|
Getting Started
In order to access the Logistic Regression Framework of GeneXproTools 4.0 you need to:
- Create a statistical model that explains a binary dependent variable, using either the Function Finding / Logistic Regression Framework or the Classification Framework of GeneXproTools.
In the Function Finding / Logistic Regression Framework all datasets with binary dependent variables use by default the Correlation Coefficient Fitness Function as this kind of function gives the best results with the standard 0/1
class encoding.
In the Classification Framework you have access to a wide variety of fitness functions that despite using pre-established rounding thresholds, offer interesting alternatives for exploring the solution space.
-
In the Function Finding / Logistic Regression Framework, click the Logistic Regression menu and then choose one of the available
analytics tools:
Quantile Analysis, ROC Curve,
Cutoff Points, Gains Chart,
Lift Chart, Log Odds,
Logistic Fit, or Confusion Matrix.
This activates the number-crunching process of the Logistic Regression Analytics
Platform that starts with the construction of the
Quantile Table and finishes with the creation of the
Logistic Regression Model and the inference of very clear
Confusion Matrixes. After the processing has stopped, you just have to navigate from tab to tab to
evaluate the quality and performance of your modeling system.
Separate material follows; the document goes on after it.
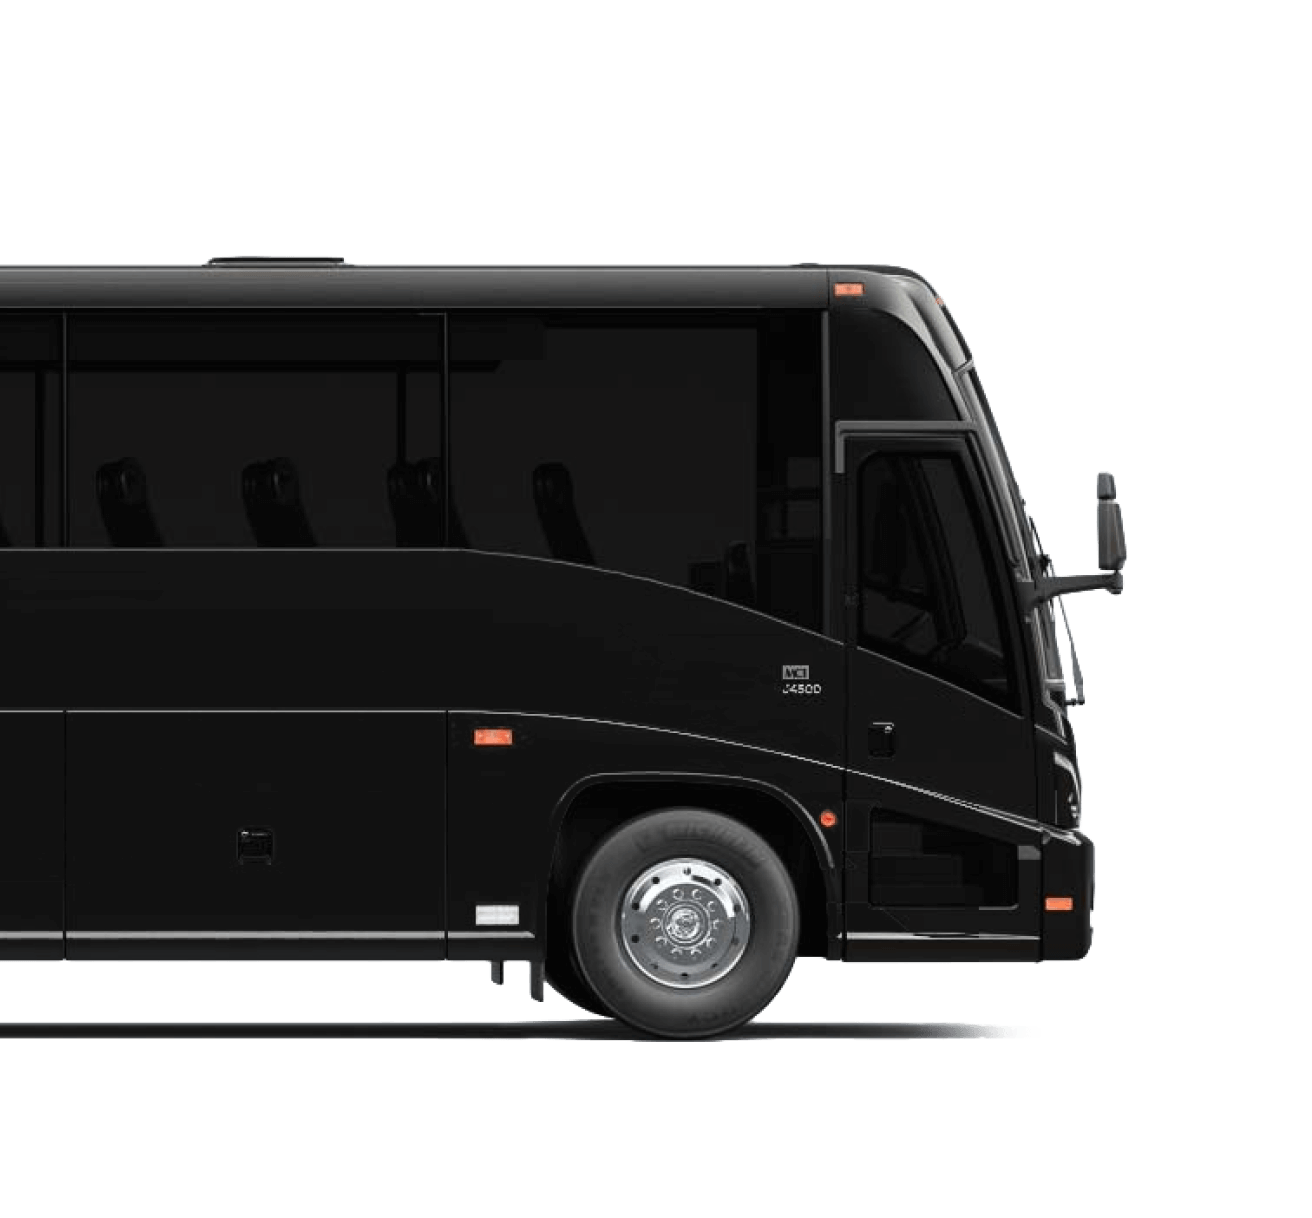 DPV Transportation - Charter Bus Rental Services

In the Logistic Regression Window of GeneXproTools you can:
- Analyze and create Quantile Tables and Charts;
perform Quantile Regression; analyze the
ROC Curve of your models; visualize the
Optimal Cutoff Point for your test scores; study the
Gains and Lift Charts of your models;
access the
Log Odds Chart used to evaluate the slope and intercept of the
Logistic Regression Model; visualize how well your logistic model fits the data in the
Logistic Fit Chart; and compare and analyze
Logistic and ROC Confusion Matrixes using both 2 x 2 Contingency Tables and
quantile-based Distribution Charts.
-
Copy all the Tables and Charts to the clipboard.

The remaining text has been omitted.